Mainly Tech projects on Python and Electronic Design Automation.

Sunday, July 16, 2017

Python investigation of the Shoelace Formula for polygonal area

Shoelace formula for polygonal area

Sawtooth generator

In [33]:
def sawtooth_wave(teeth, base=2, height=3):
    xy = [(0, 0)] # start
    for n in range(teeth):
        xy += [(base * (n + 1), height), (base * (n + 1), 0)]
    xy.append((0, 0))  # return to start
    return zip(*xy)   # x then y
In [34]:
from pprint import pprint as pp
from bokeh.plotting import figure, output_notebook, show
from bokeh.models import ColumnDataSource
from bokeh.charts import Scatter
 BokehJS 0.12.5 successfully loaded.
In [35]:
teeth = 3
sawx, sawy = sawtooth_wave(teeth)
sawx, sawy = zip(*saw)
pl = figure(plot_width=400, plot_height=400, title=f'Sawtooth polygon with {teeth} right-angled triangle teeth')
pl.line(sawx, sawy, line_width = 1, line_color="navy")

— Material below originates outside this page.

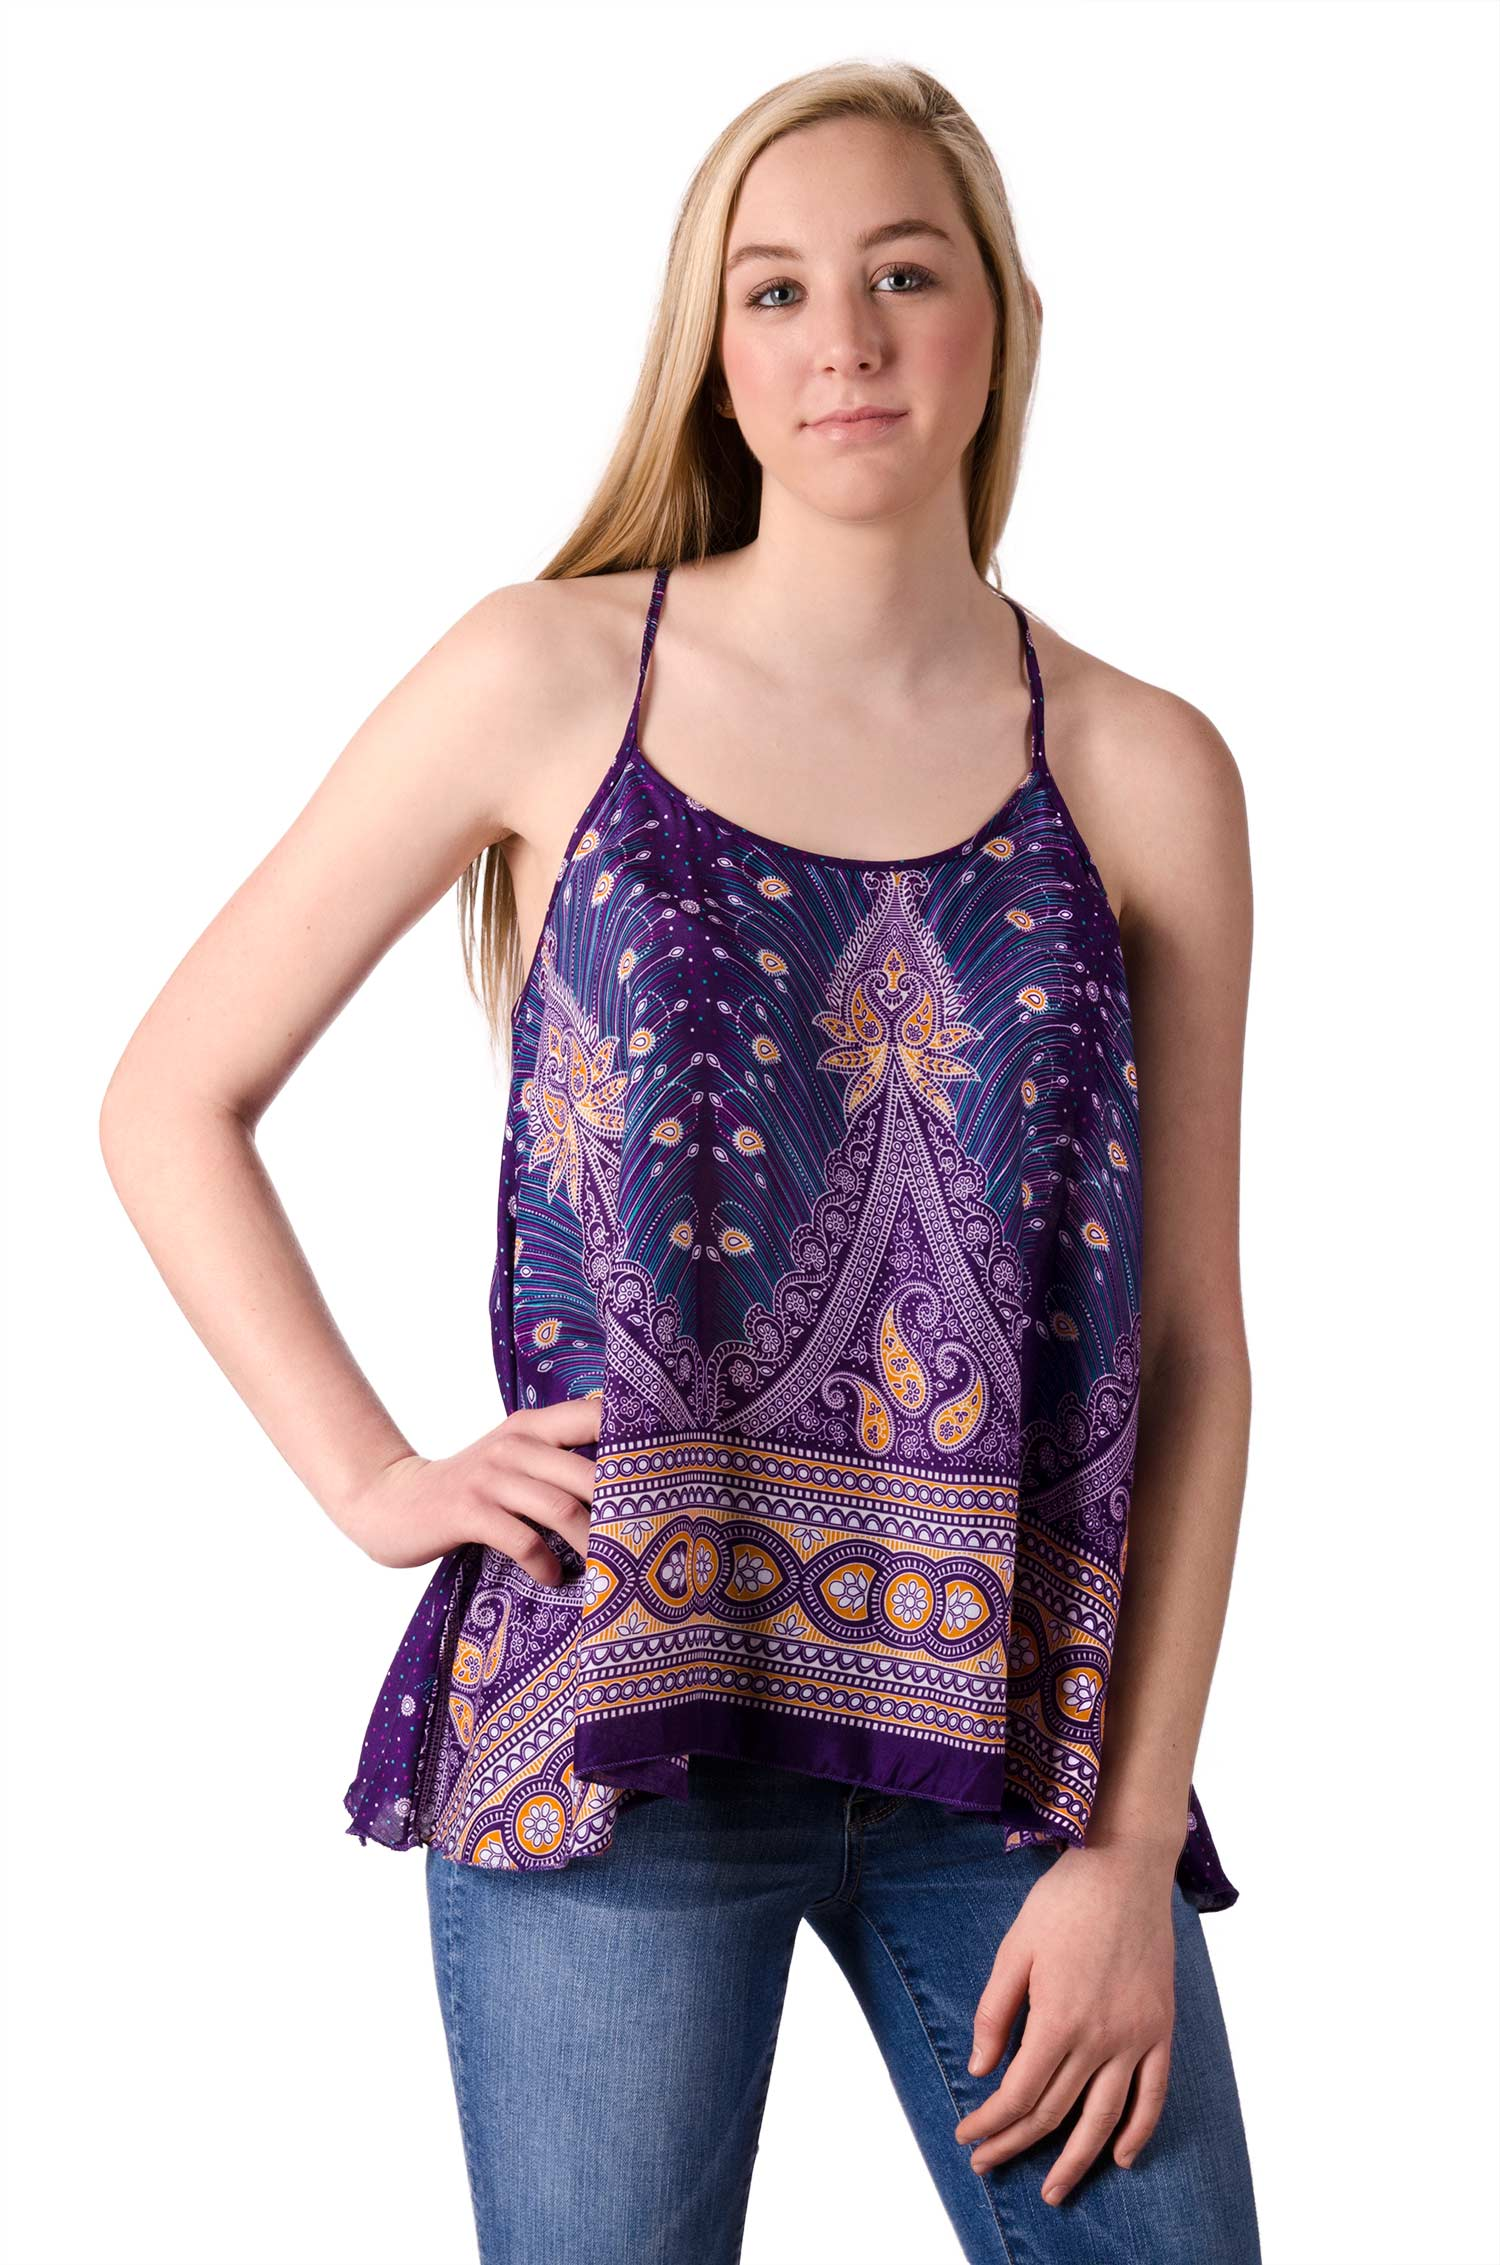 Peacock Print Cami Top - Purple Multi - 4484U

Calculate area by shoelace formula

In [36]:
def area_by_shoelace(x, y):
    "Assumes x,y points go around the polygon in one direction"
    return abs( sum(i * j for i, j in zip(x, y[1:])) + x[-1] * y[0]
               -sum(i * j for i, j in zip(x[1:], y)) - x[0] * y[-1]) / 2 
In [37]:
print(" Area is:", area_by_shoelace(sawx, sawy))
 Area is: 9.0
We know that the area of a right angled tringle is half base times height.
So each tooth of the saw has area 1/2 * 2 * 3 = 3 units and we have three teeth for a total area of 9.

Why Shoelace?

It's called the shoelace formula because of a visualization of the calculation.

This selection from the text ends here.